For well-studied type I and type II systems, protospacer selection from foreign DNAs is guided by system-specific PAMs, and the resulting pre-spacers are inserted at the leader proximal end of the CRISPR array in a PAM-directed orientation (13,45,52,53). In contrast, adaptation by the tested type III systems appear to be PAM-independent (48–51,54) (Supplementary Figure S1). We examined the upstream and downstream protospacer flanking sequences (PFSs) of the newly acquired type III-A spacers and observed no consensus sequence motifs (Figure 1D), which was expected since target interference by many type III systems tolerate a broad range of PFSs (18,54). Next, we sought to rule out the possibility of survivor bias: since the type III CRISPR-Cas system could carry out interference against newly acquired spacers, immunity itself might eliminate a subset of new spacers and thereby diminish a potential PAM signal. We examined PFSs in a Δcsm1-6 interference-null strain and as in the wild-type strain (Figure 1D) there was no sequence motif or enrichment of any base within 8 bases upstream or downstream of the protospacer (51,655 spacers from 18 replicates). In contrast, the type II-A system in the same host, selected protospacers with a downstream NNAGAAW PAM (Figure 1D and Supplementary Figure S2B). For both systems, a majority of new spacers were derived from the host genome, which is consistent with its greater size (about 464-fold larger than the plasmid) (Figure 1E).

Cas1 and Cas2 are the only two Cas proteins required for adaptation by the type III system

To understand the involvement of Cas proteins in type III-A adaptation, we examined new spacer acquisition in strains with some or all of the crRNA biogenesis (cas6) or interference (csm1-6) genes deleted. Expanded PCR amplicons corresponding to new spacers were apparent after four rounds of PCR for the wild-type (WT) strain, the Δcas6 strain, the Δcsm1-5 strain, and the Δcsm1-6 strain, but not for the Δcas1 or Δcas2 strains (Figure 2A). This indicated that Cas1 and Cas2 were essential for adaptation by the type III-A system and sufficient among the Cas proteins. Deletion of either cas1 or cas2 genes did not affect the ability of the strain to carry out plasmid interference but loss of the csm1-6 genes abolished this activity as expected (Figure 2B). While not essential for adaptation, Csm1-6 interference proteins could potentially influence new spacer characteristics, so the Δcsm1-6 strain was studied alongside the wild-type strain to detect any such differences.

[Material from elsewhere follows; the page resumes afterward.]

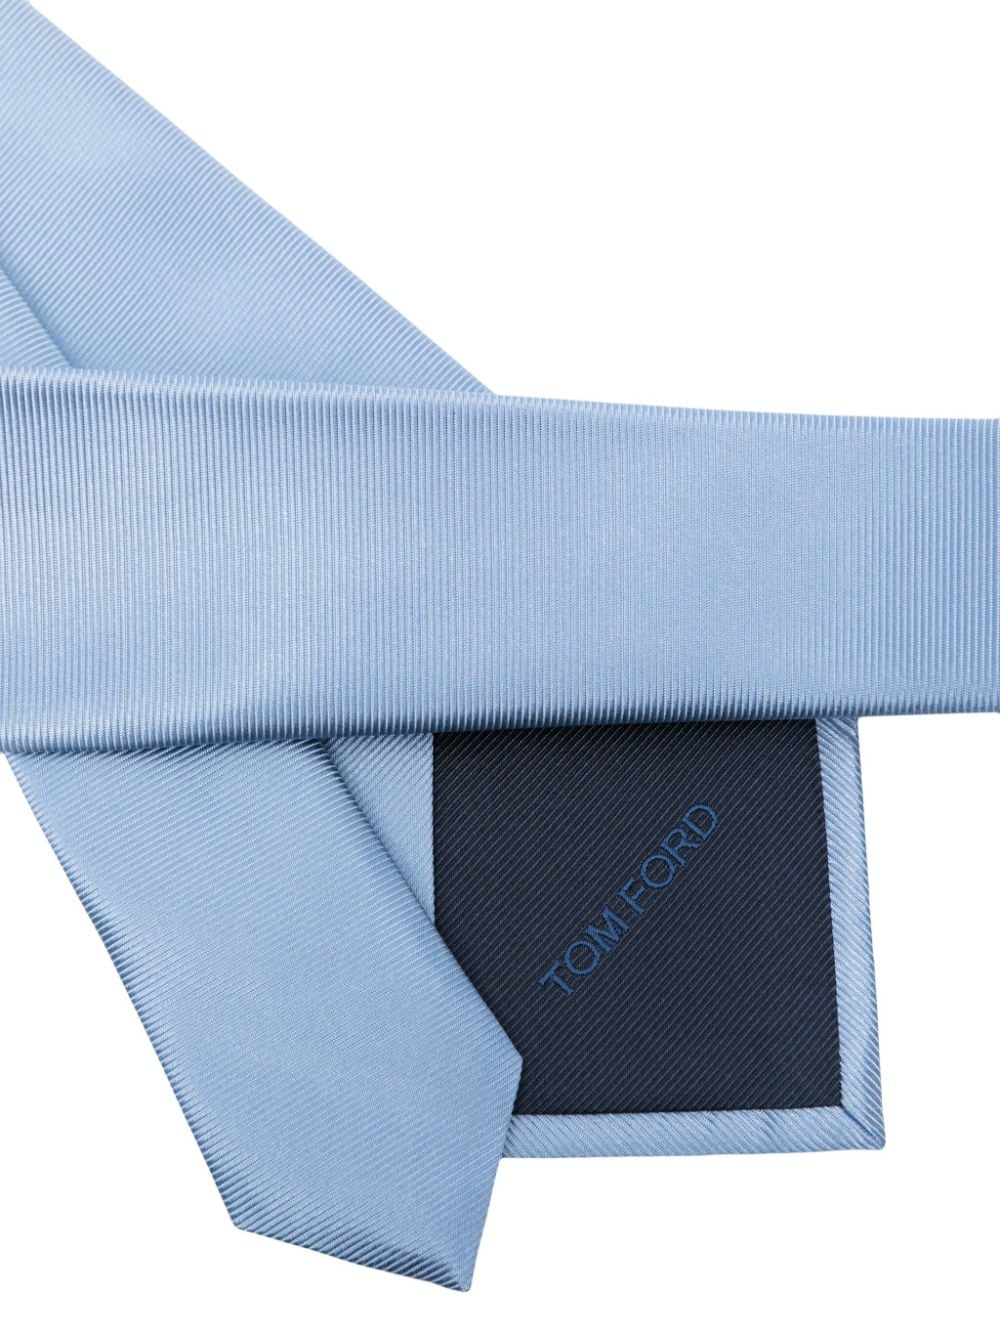 TOM FORD stripe-jacquard silk tie - Blauw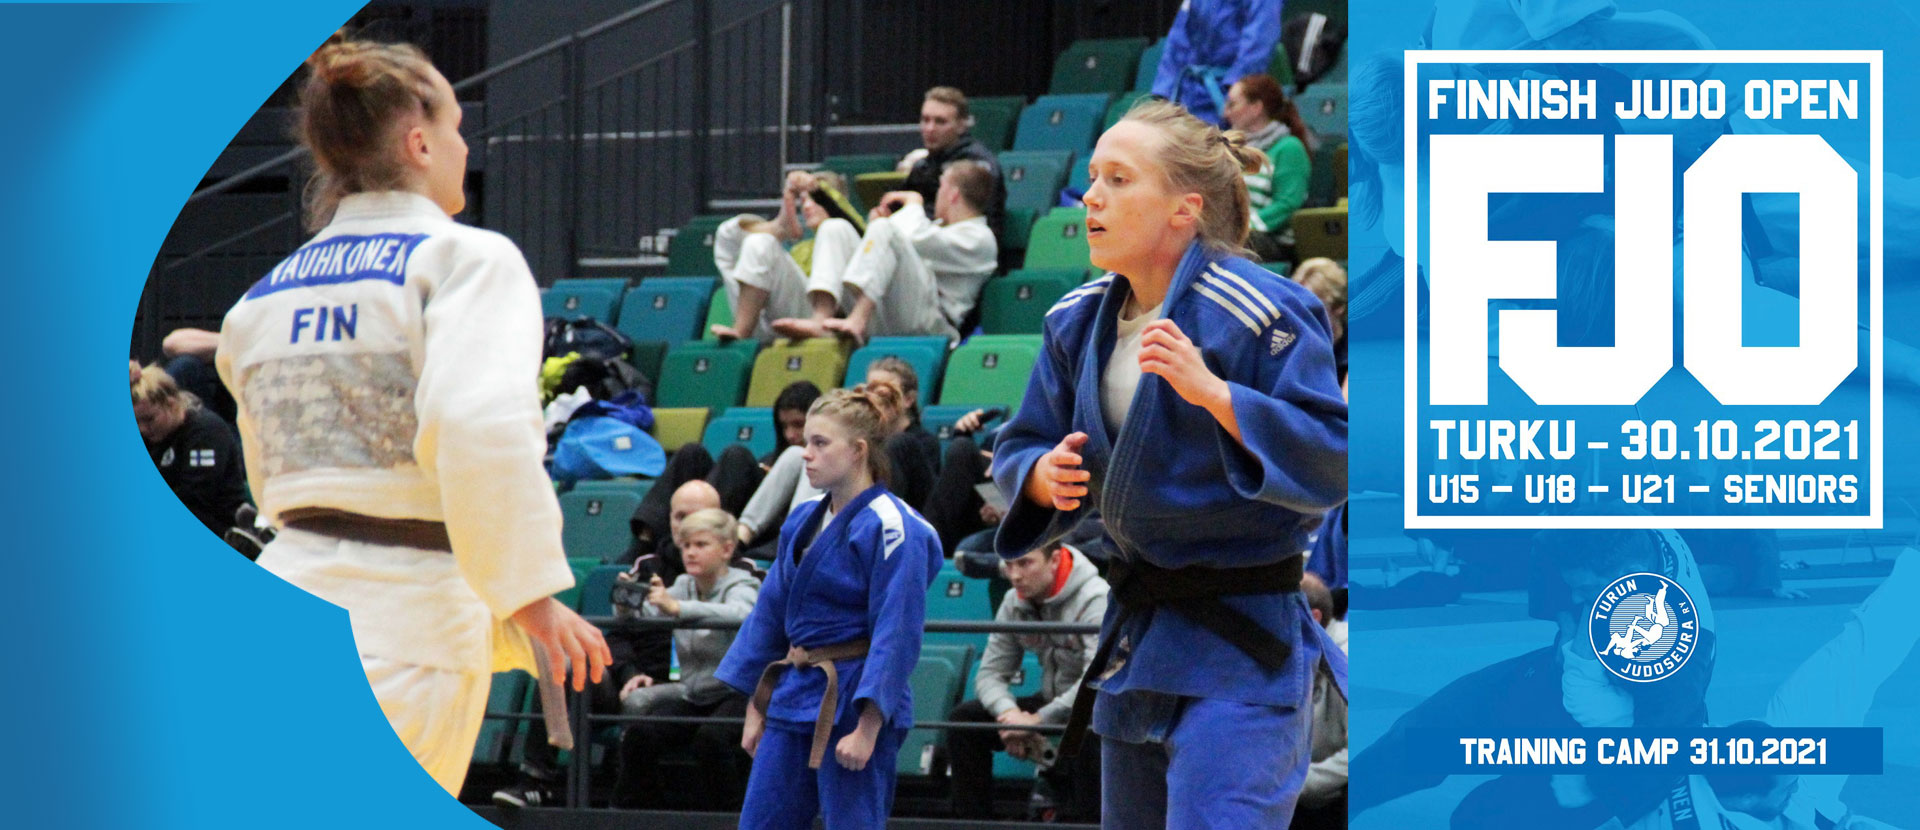 Finnish Judo Open news

Figure 2. — Cas requirements for adaptation and repeat-spacer duplications. (A) Gel images show bands resulting from four rounds of PCR targeting the leader-adjacent end of the CRISPR array; expanded (Ex) and unexpanded (Un) products are indicated. At least three independent experiments were done; images shown here are representative. Gene deletions were designed to disrupt adaptation (Δ*cas1* and Δ*cas2* strains), crRNA maturation (Δ*cas6*) or interference (Δ*csm1-5* and Δ*csm1-6* strains). (B) Transformation efficiencies for a non-target plasmid (pNo-target), a transcribed target plasmid (pTarget), and a non-transcribed target plasmid (pTarget-NT) are shown for four strains (n = 3). (C) Genome-wide view of aligned new type III spacers. The y-axis indicates the cumulative density of aligned spacers counting either all supporting reads (total) or only unique reads, with respect to alignment coordinates (unique). Spacers aligned to the top strand are colored blue; bottom strand are red. The positions of the native type II and type III arrays are indicated in orange; rRNA and tRNA gene positions are show in green. Black bars above the unique spacer track show regions where significant spacer enrichment was detected. (D) Schematic of PCR products corresponding to an unexpanded array, a novel spacer, or duplication of existing spacers in the array. (E and F) Genome browser tracks show the cumulative density of aligned new spacers across the introduced type II-A array (E) and the native type III-A array in WT and Δ*cas1* strains (F); new spacers that align to existing spacers correspond to spacer duplications. Spacer duplications were observed for all strains examined; representative genome browser tracks for the Δ*cas1* and WT strains are shown here (F). At least three independent experiments were conducted for each strain and pooled data were used to determine the percent of all expanded reads that corresponded to spacer duplications (“Dup”, rather than novel spacers); that percent is indicated with along with the total number of aligned spacers and replicates.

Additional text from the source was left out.